Yet, for all this, are Democrats in fact the less popular party? Polls actually show the opposite. Clinton did win the popular vote, and Democrats also won more Congressional votes, losing the House only because of Republican gerrymandering. Only 29% of Americans now favorably view the Republican party, and a majority¬†strongly disapproves of Trump’s presidency. In the Virginia governor’s race, Republican Ed Gillespie ran a Trumpian ethno-nationalist campaign; Democrat Northam was an anodyne plain-vanilla candidate. And Northam won big.

So I don’t even think Democrats need to run campaigns venting about the Trumpist horrorshow. The country can see perfectly well why it stinks and doesn’t need Democrats to bang on about it. Instead, on the theory that a majority of Americans haven’t actually lost their civic minds, Democrats should be positive, mainly positioning themselves as the (contrastingly) sound, sober, serious, sane, truthful, decent, responsible party.

Not another party of shouting extremists — as many of its left-wing socialist Bernie-loving Torquemadas would make it. (To oppose them is why I switched my enrollment to Democrat.) But Gerson, echoing Yeats, may be right that they can’t be stopped by more moderate voices: “The best lack all conviction, while the worst are full of passionate intensity.” And if we indeed have two parties each going off its own deep end, then America itself is sunk.

* Though it’s nonsense to think Sanders would have won. Not with the word “socialist” hung around his neck.
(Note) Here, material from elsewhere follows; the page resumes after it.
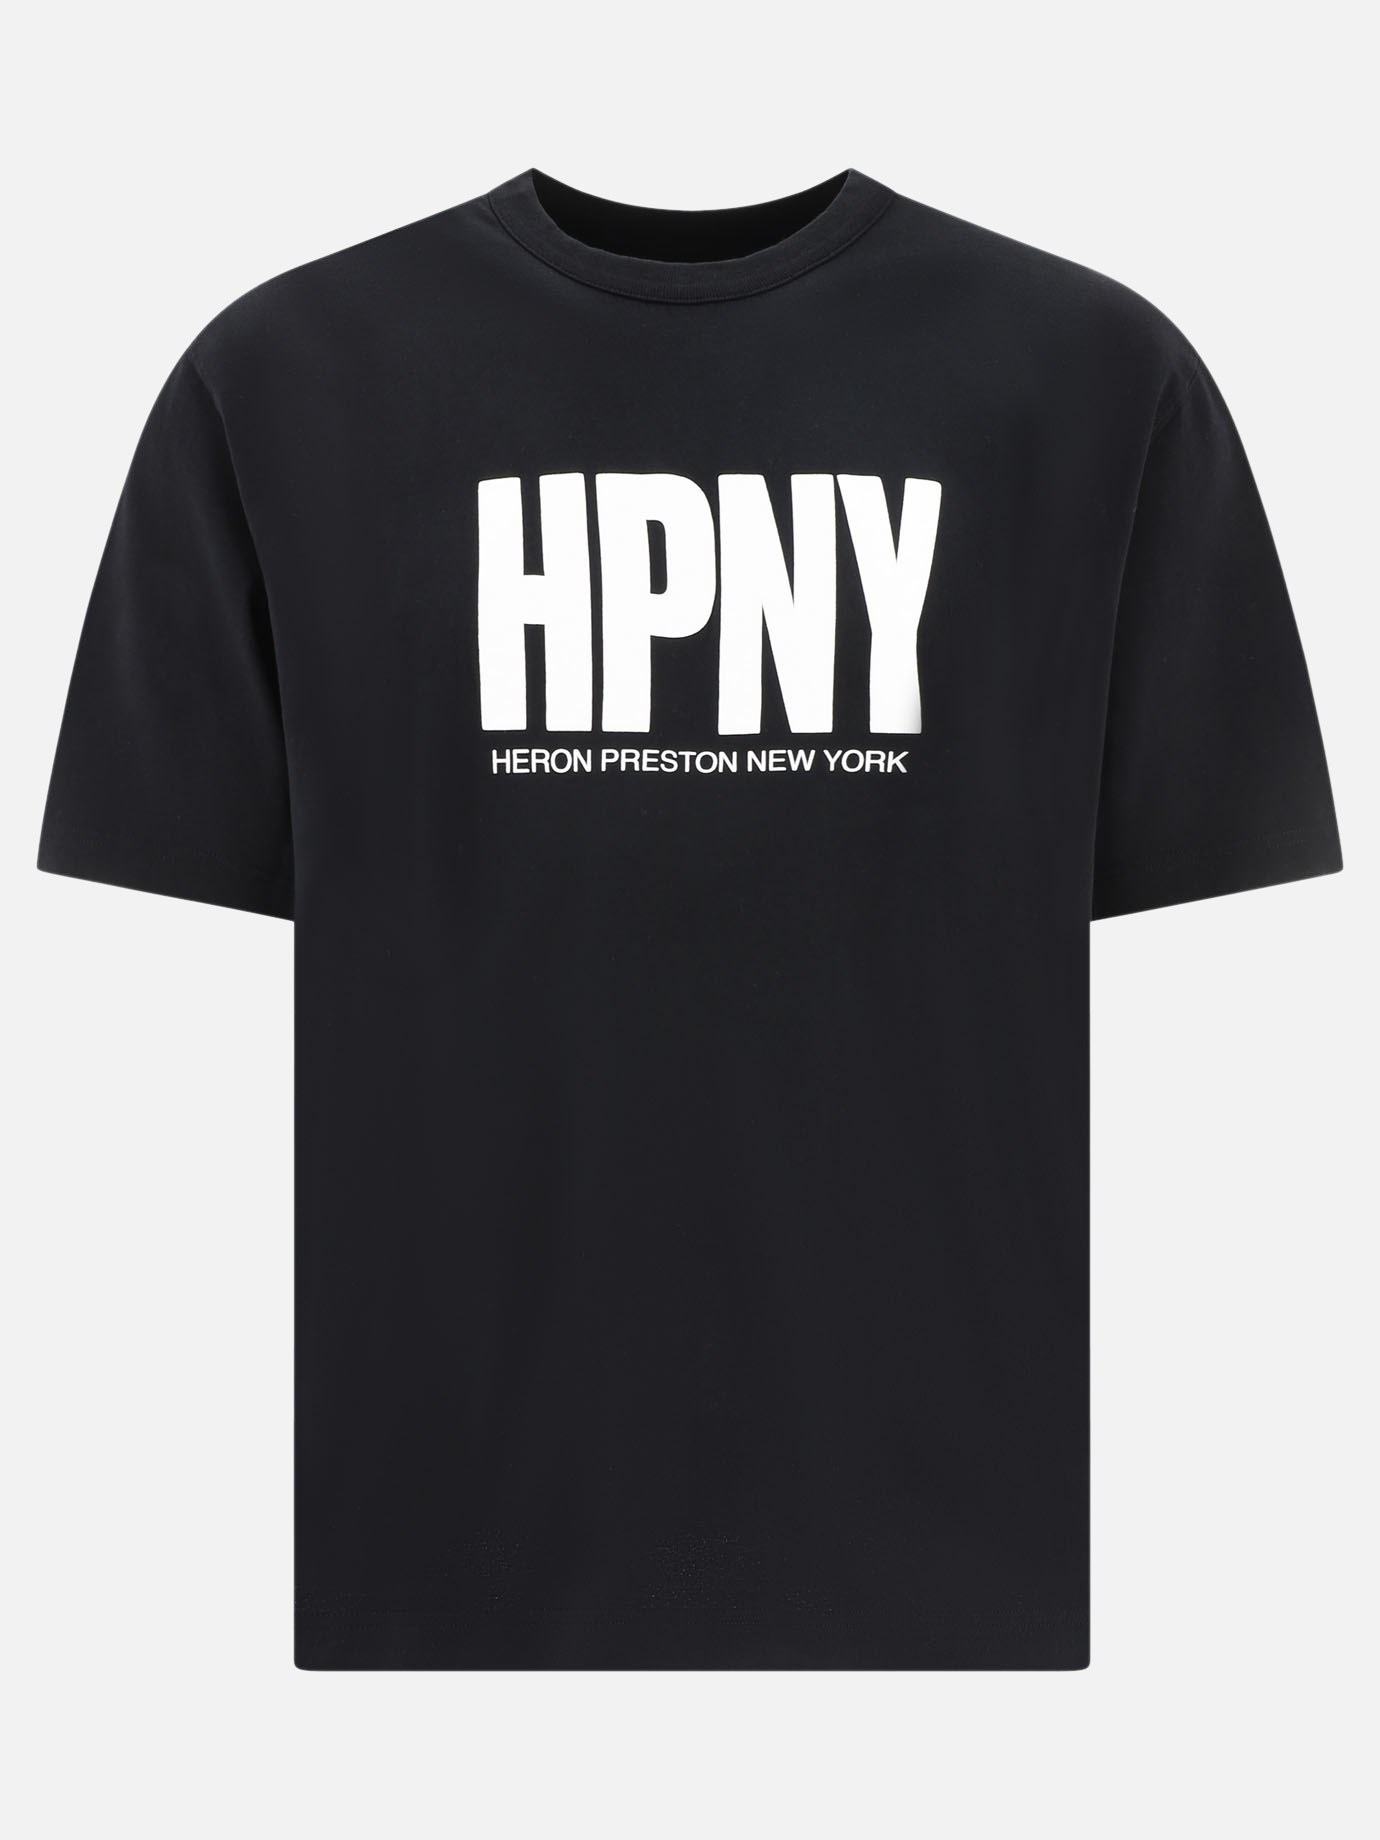 T-shirt  HPNY  by Heron Preston

3 Responses to “What should Democrats do?”

  1. Lee Says:

    To contrast with the Republicans’ tax cut for corporations, why aren’t the Democrats proposing tax rebates for the poor? A significant refundable tax credit for each person on the tax return should be very popular.

  2. ryan71 Says:

    I feel both parties should revisit their core set of values that include a free market, equal opportunity, a strong economy, and peace maintained by an adequately strong defense. We all know they differ on their positions but the core beliefs are the same. Start with the common ground and remind the voters we are all after the same objectives. Then start defining (or redefining) what it means to be a Republican or Democrat.
    I feel both parties need to reeducate the voters as to what the parties represent. If the parties focused on that instead of lambasting each other I think they can go a long way in healing a nation that is suffering from an identity crisis and a populace that feels the need to “classify” everything/one to feel they belong to something- to which I would reply “Join a church/religion” find a central core belief just don’t make it politics! Then let’s discuss how we can focus on our core political values to move the country forward.

  3. Lee Says:

    @ryan71: I like your list of core values except that I would put a caveat on each! Perhaps it is these caveats that represent the crucial differences between the two major parties.

    With the caveats: free market (with adequate controls to stop monopolies, exploitation, fraud), equal opportunity (with a strong safety net for those whose outcomes fall below a minimum), a strong economy (while respecting our environment), and peace maintained by an adequately strong defense (and by an even stronger emphasis on helping nations to achieve their legitimate goals so that they do not have to resort to military antagonism).

    Also, your focus is on economics and foreign policy, but there are other core values, such as freedom (e.g., to marry whom you want, right to die), non-discrimination (e.g., somehow have to reduce the shootings of people of color by the police, reduce the sexual assaults), and democracy (e.g., instead of gerrymandering, Connecticut compromise, voter suppression).